If you’re like most people, you probably don’t start to have clear memories of childhood until you were somewhere between 3 and 5 years old. By now, though, when Baby is nearly a year old, they probably have favorite foods, favorite toys, and favorite songs, all of which have a hard time becoming favorites before they can remember them from day to day.
There’s a difference between short-term and long-term memory in the same way that there’s a difference between learning a new skill that you’ll know how to do later, and forming a narrative memory of learning that skill that you can describe later. Studies of the first kind of memory are easier to set up because infants don’t have the verbal skills to describe those narrative memories if they have them, because they don’t need to be tested for as long, and because not remembering one episode that’s part of a study is not the same as not remembering anything at all from childhood. If babies only have very selective long-term memories, there’s no way of ensuring that the memory that’s being tested will be one of the ones that stays.
Still, some long-term testing of young children’s long-term memories, or lack of them, which Freud called ‘infantile amnesia,’ has been the subject of some studies. A 2013 study at Emory University in Atlanta, for instance, looked at the fact that there seem to be several developmental drop-off points in children’s memories. At these points – around 3 and around 7 – many children seem to start to remember significantly less about things they’d remembered for years.
There are a few different theories about why this is. One of the first is the trouble of not really having any context for really early childhood memories. According to this theory, they’re there, but because children will never again see the world the way they did in the year or two of life, nothing is ever going to remind them of these memories. Or, relatedly, the idea that before children learn language, they have no way of developing their thoughts into narrative memories they can retrieve. This idea is supported by the fact that children from cultures that emphasize narrative thought processes, and children whose parents talk to them more about their lives, tend to have earlier first memories.

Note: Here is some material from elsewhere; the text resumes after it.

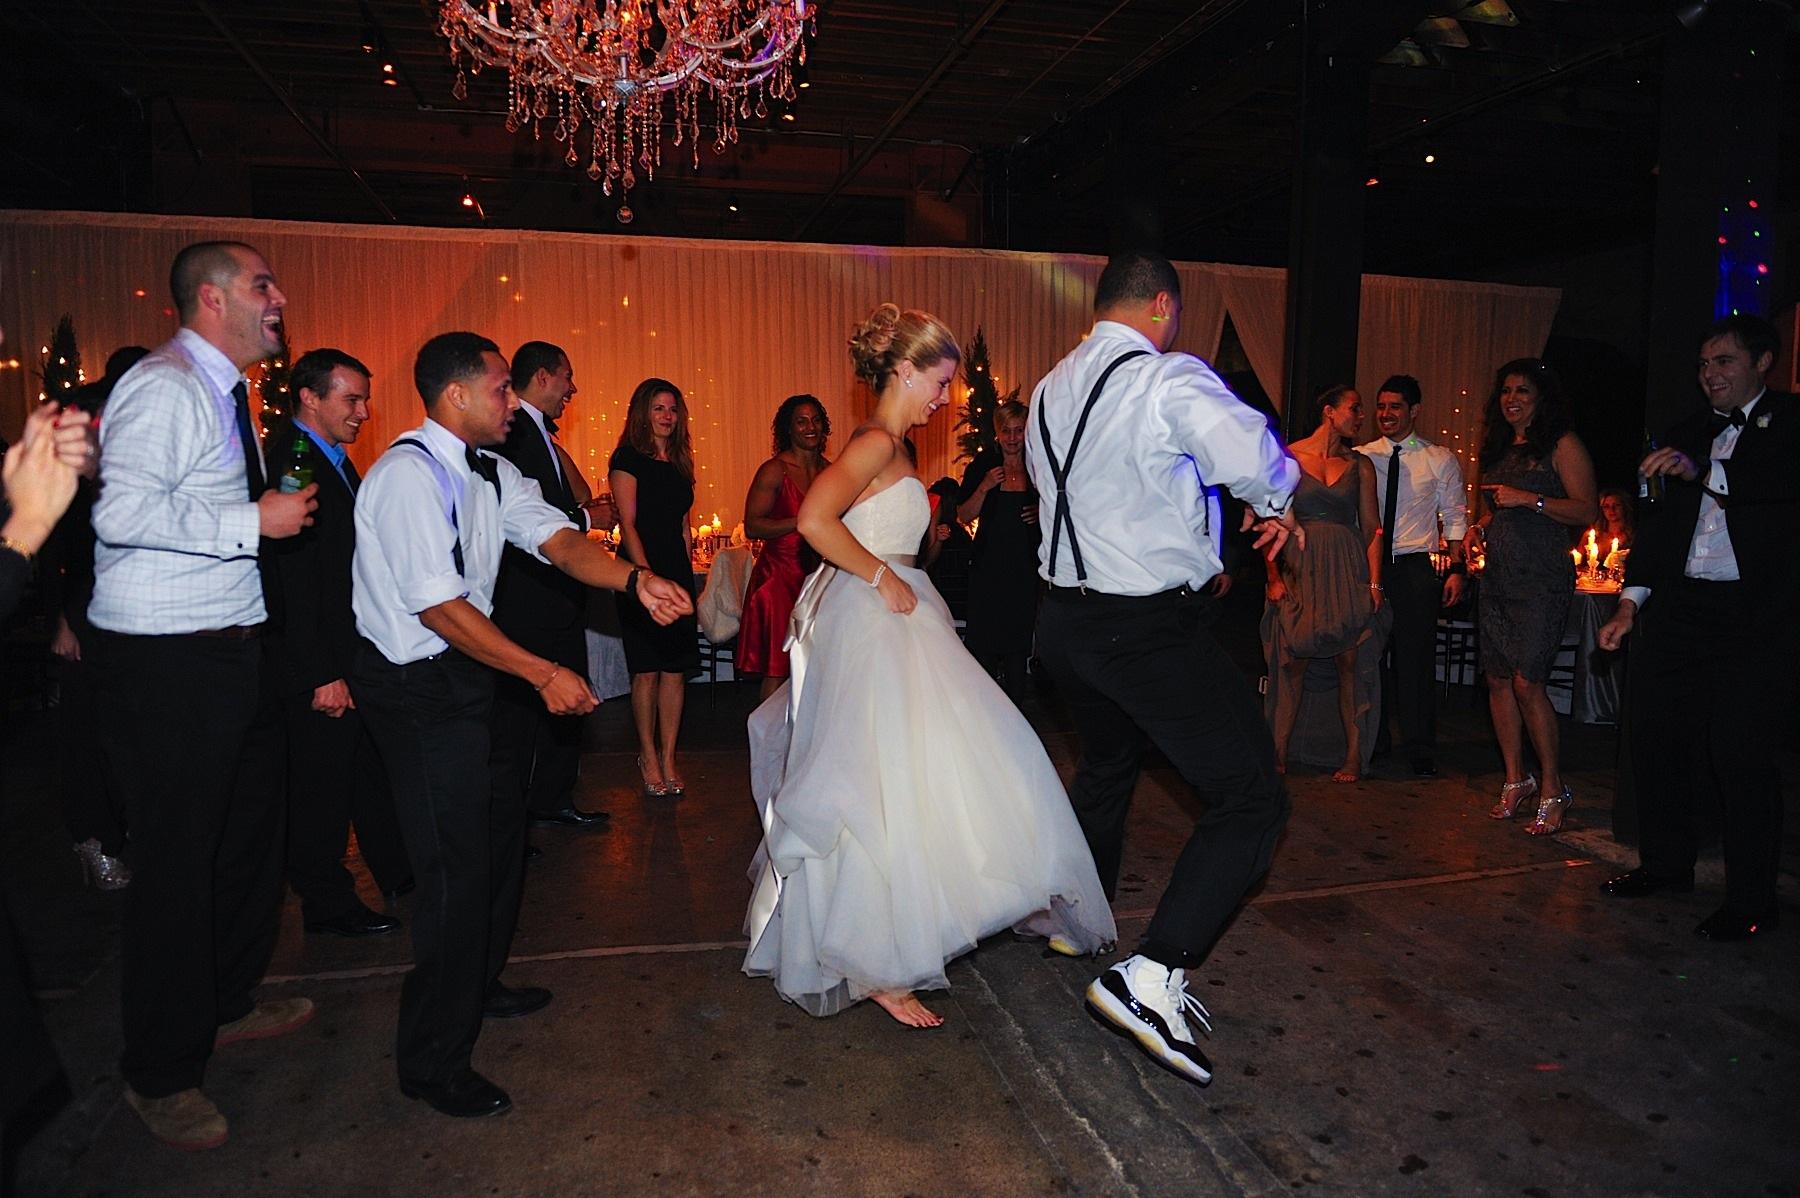 culinary_institute_of_america_napa_valley_wedding_123photographer_

A second, related theory is that in the first few years of life, the brain is still developing, particularly the connection with the prefrontal cortex. The prefrontal cortex is where memories are stored, and while very young children might make as many memories as anyone else, they don’t usually have the neural structure to recall them until they’re a little older.
Whether either of these are true or not, though, it’s still true that many children do have first memories that trace back to before these drop-off points. Since pretty much all credible thinkers have moved past Freud’s idea that children are blocking out the inappropriately sexual thoughts they had in infancy, there’s also no reason to think earlier first memories aren’t a good thing. And it’s true that you, as Baby’s parent, do have an influence on when their long-term memory kicks in. Children whose parents start to talk (and listen!) to them about their recent memories at an early age are more likely to have earlier first memories. It’s also not all in your hands, as first memories also tend to be associated with strong positive or negative feelings, or with major events in young children’s lives.